The organiser, David Callahan, sought to make this a conference that embraced all studies on Australia – ‘from Architecture to Zoology’, as he put it. He achieved this unusual breadth, yet gave us a conference of coherence. The overarching theme – ‘Australia: Who Cares?’ – demanded an intelligent balance between heads and hearts. Blending activism and scholarship was an achievement of many individual papers, but it was also a product of Callahan’s deliberate choices of session themes and plenary subjects.
My plenary paper about caring for the Australian arid zone explored some of the politics of science emerging through the discourse of ‘desert knowledge’. Xavier Pons from Toulouse tackled the intriguing question ‘Who cares about Aborigines?’, with its paradoxical dimensions of increasing non-Aboriginal indifference and interference. Both talks stimulated lively cross-disciplinary discussion with international comparisons.

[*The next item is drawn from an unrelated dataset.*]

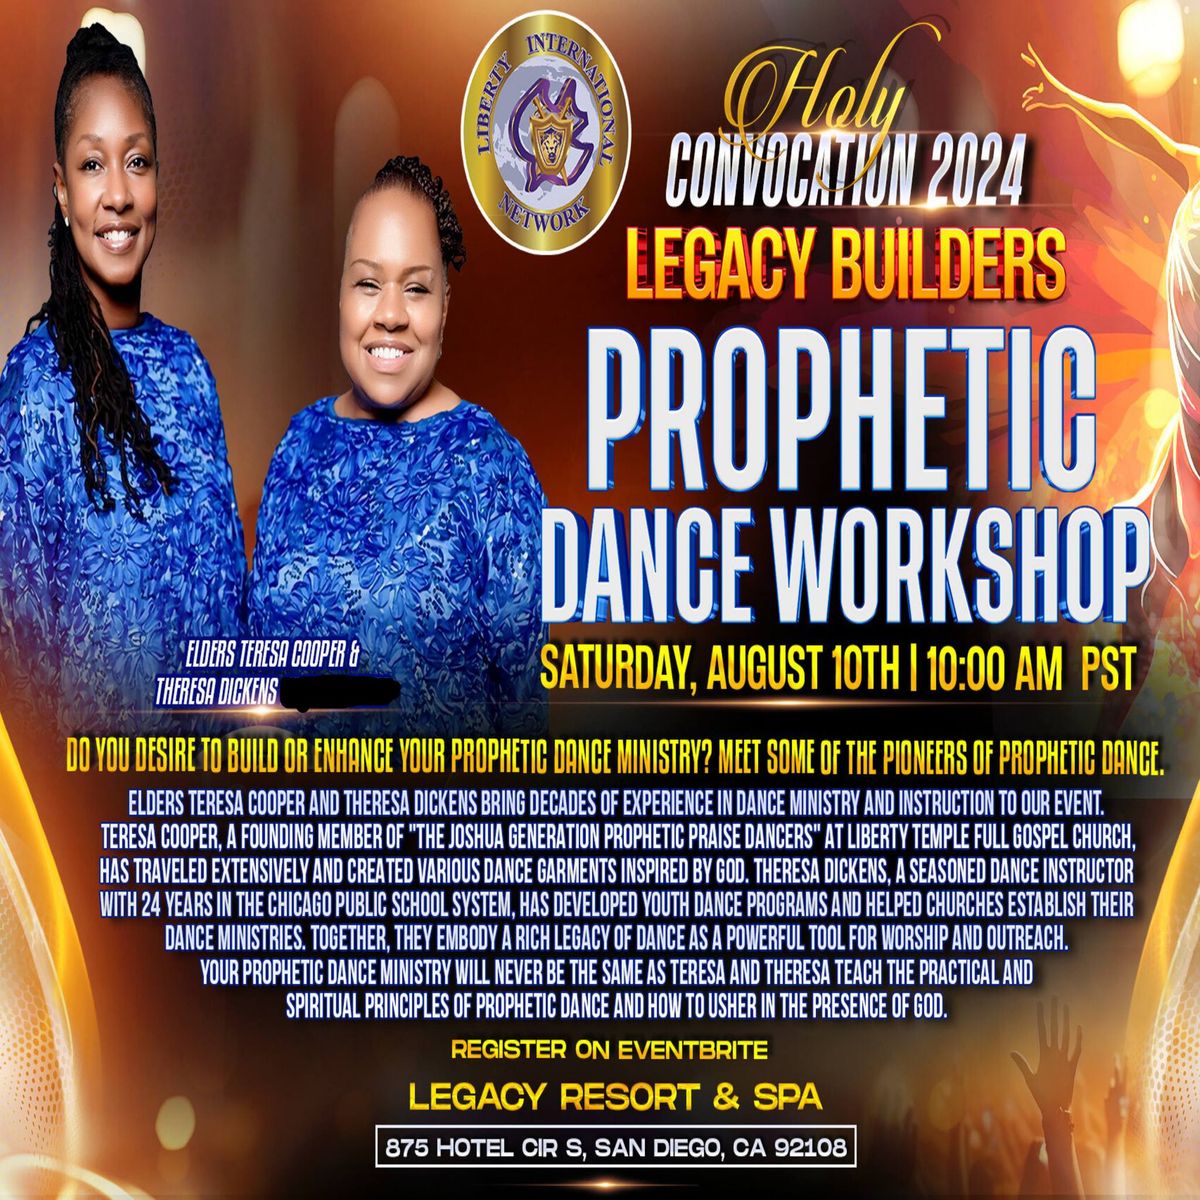 Prophetic Dance Workshop (Holy Convocaton 2024)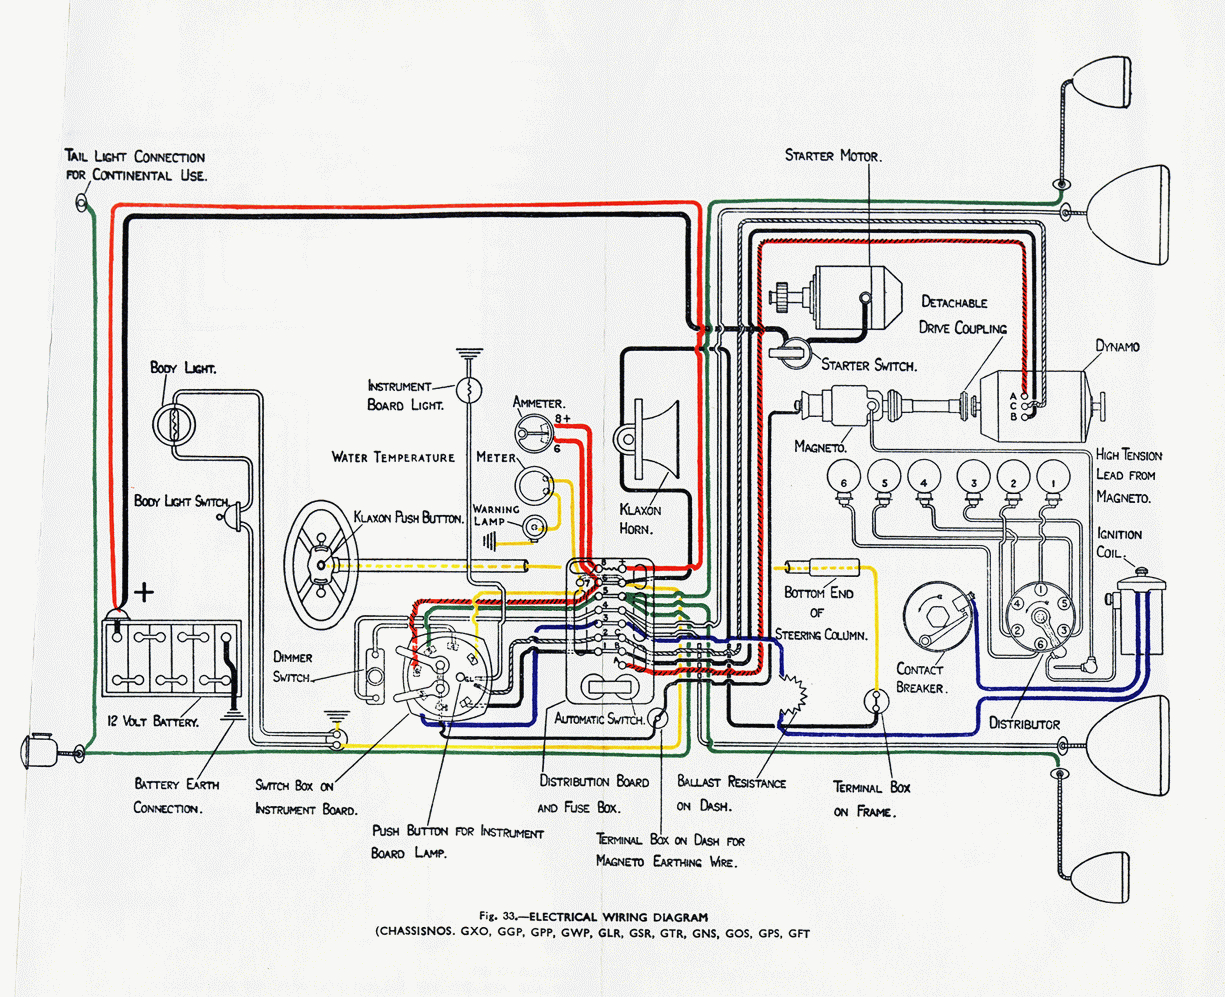 Goldstar Gps Wiring Diagram Collection - Wiring Diagram Sample

EASA has decided to expand its brief to include New Zealand as a first step to a broader, more ‘Arca Studies’ approach that will fit current European curricula. For those planning ahead, the next conference will be in Debrecen (Hungary) in 2005, convened by the energetic Gabriella Espak. Like the Portuguese, the Hungarians have many expatriates living in Australia. Hungarian literature students are already enthusiastic about Australian and New Zealand writing, and will no doubt want to hear more. New and unusual conjunctions of countries suggest new themes, as the Portuguese example showed. Australia and its scholars need moments like these to reflect on and redefine a niche in an increasingly globalised world.